DecompEval: Evaluating Generated Texts as Unsupervised Decomposed Question Answering
This addresses the problem of over-fitting and lack of interpretability in NLG evaluation metrics for researchers and practitioners, though it is incremental as it builds on existing instruction-tuned models.
The authors tackled the challenges of generalization and interpretability in natural language generation evaluation by proposing DecompEval, a metric that formulates evaluation as an unsupervised decomposed question answering task using instruction-tuned language models, achieving state-of-the-art performance in untrained metrics for text summarization and dialogue generation.

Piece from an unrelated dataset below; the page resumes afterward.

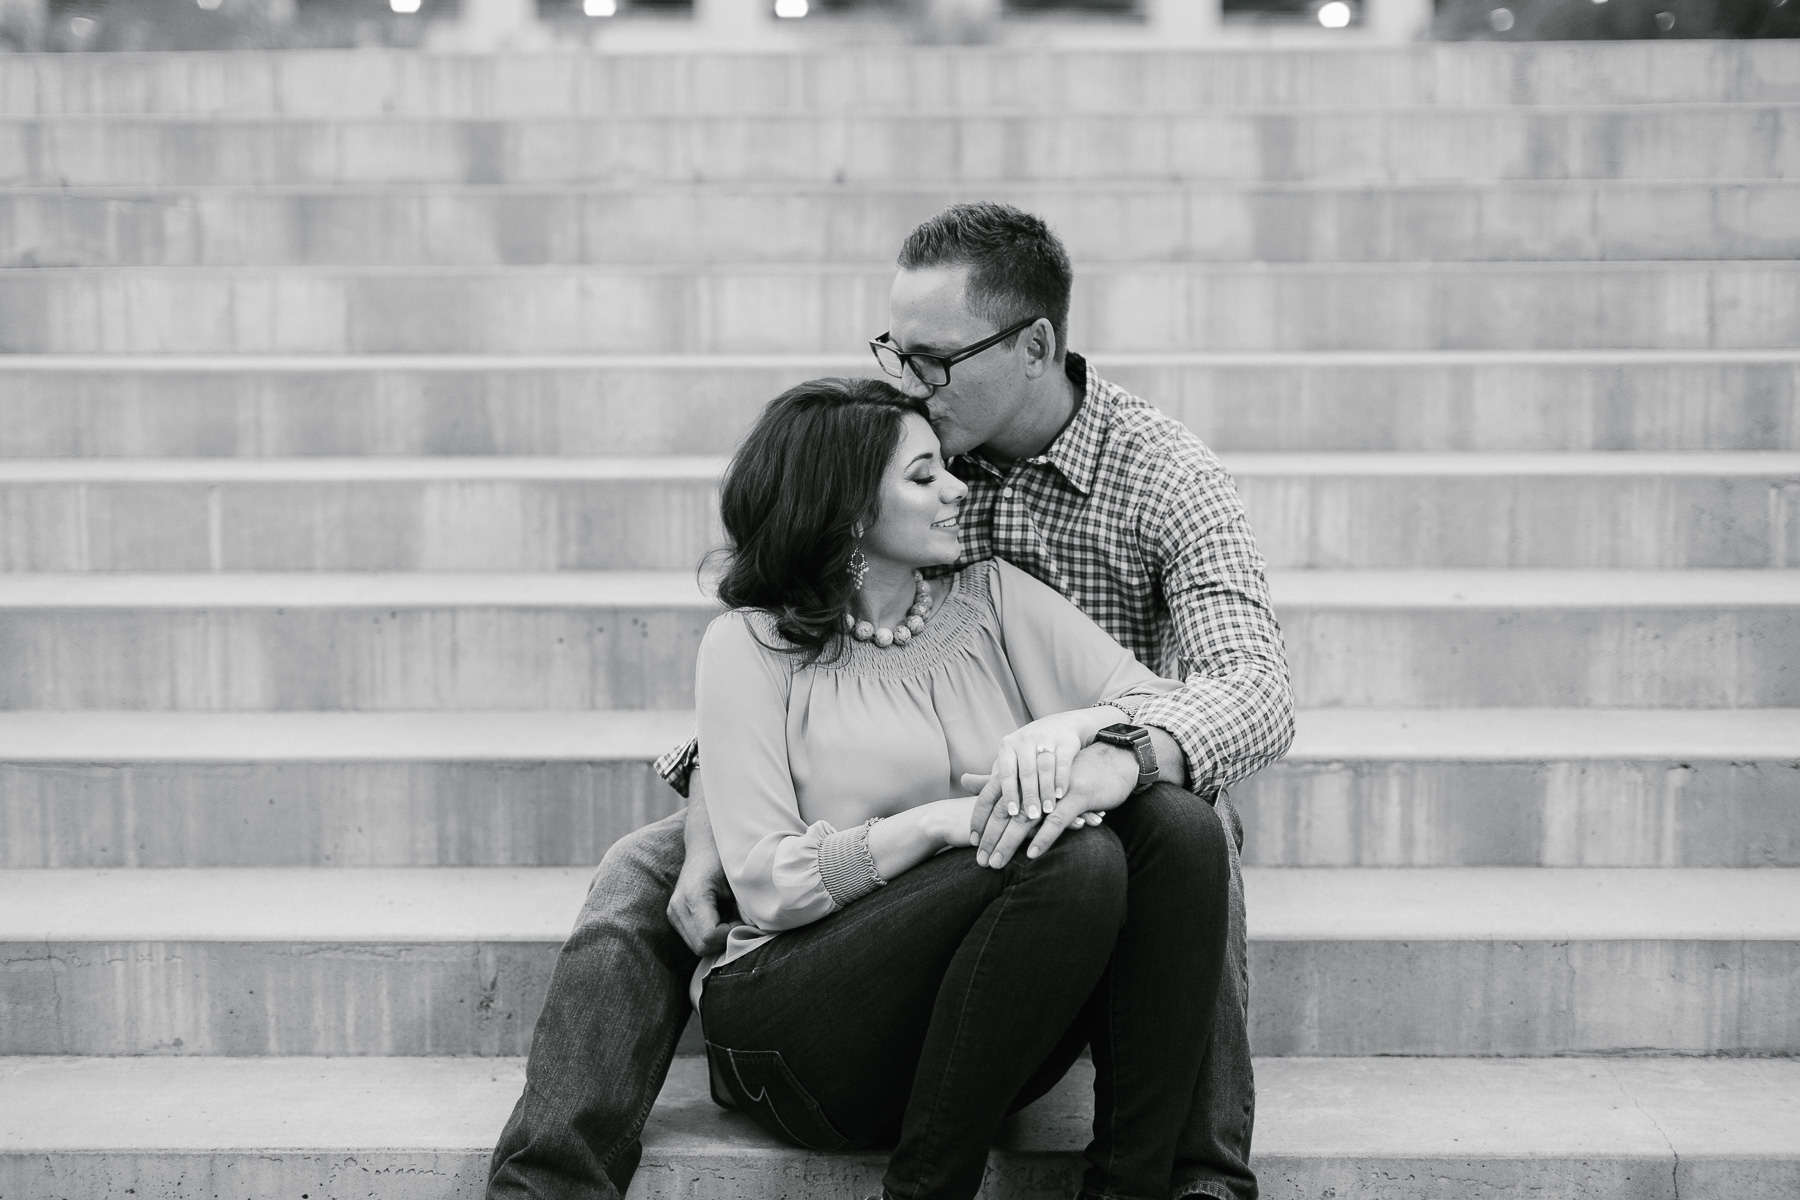 Luxium-Weddings-@matt__le-Engagement-Heritage-Square-Park-Downtown-Phoenix-Urban-Photography-112.jpg

Existing evaluation metrics for natural language generation (NLG) tasks face the challenges on generalization ability and interpretability. Specifically, most of the well-performed metrics are required to train on evaluation datasets of specific NLG tasks and evaluation dimensions, which may cause over-fitting to task-specific datasets. Furthermore, existing metrics only provide an evaluation score for each dimension without revealing the evidence to interpret how this score is obtained. To deal with these challenges, we propose a simple yet effective metric called DecompEval. This metric formulates NLG evaluation as an instruction-style question answering task and utilizes instruction-tuned pre-trained language models (PLMs) without training on evaluation datasets, aiming to enhance the generalization ability. To make the evaluation process more interpretable, we decompose our devised instruction-style question about the quality of generated texts into the subquestions that measure the quality of each sentence. The subquestions with their answers generated by PLMs are then recomposed as evidence to obtain the evaluation result. Experimental results show that DecompEval achieves state-of-the-art performance in untrained metrics for evaluating text summarization and dialogue generation, which also exhibits strong dimension-level / task-level generalization ability and interpretability.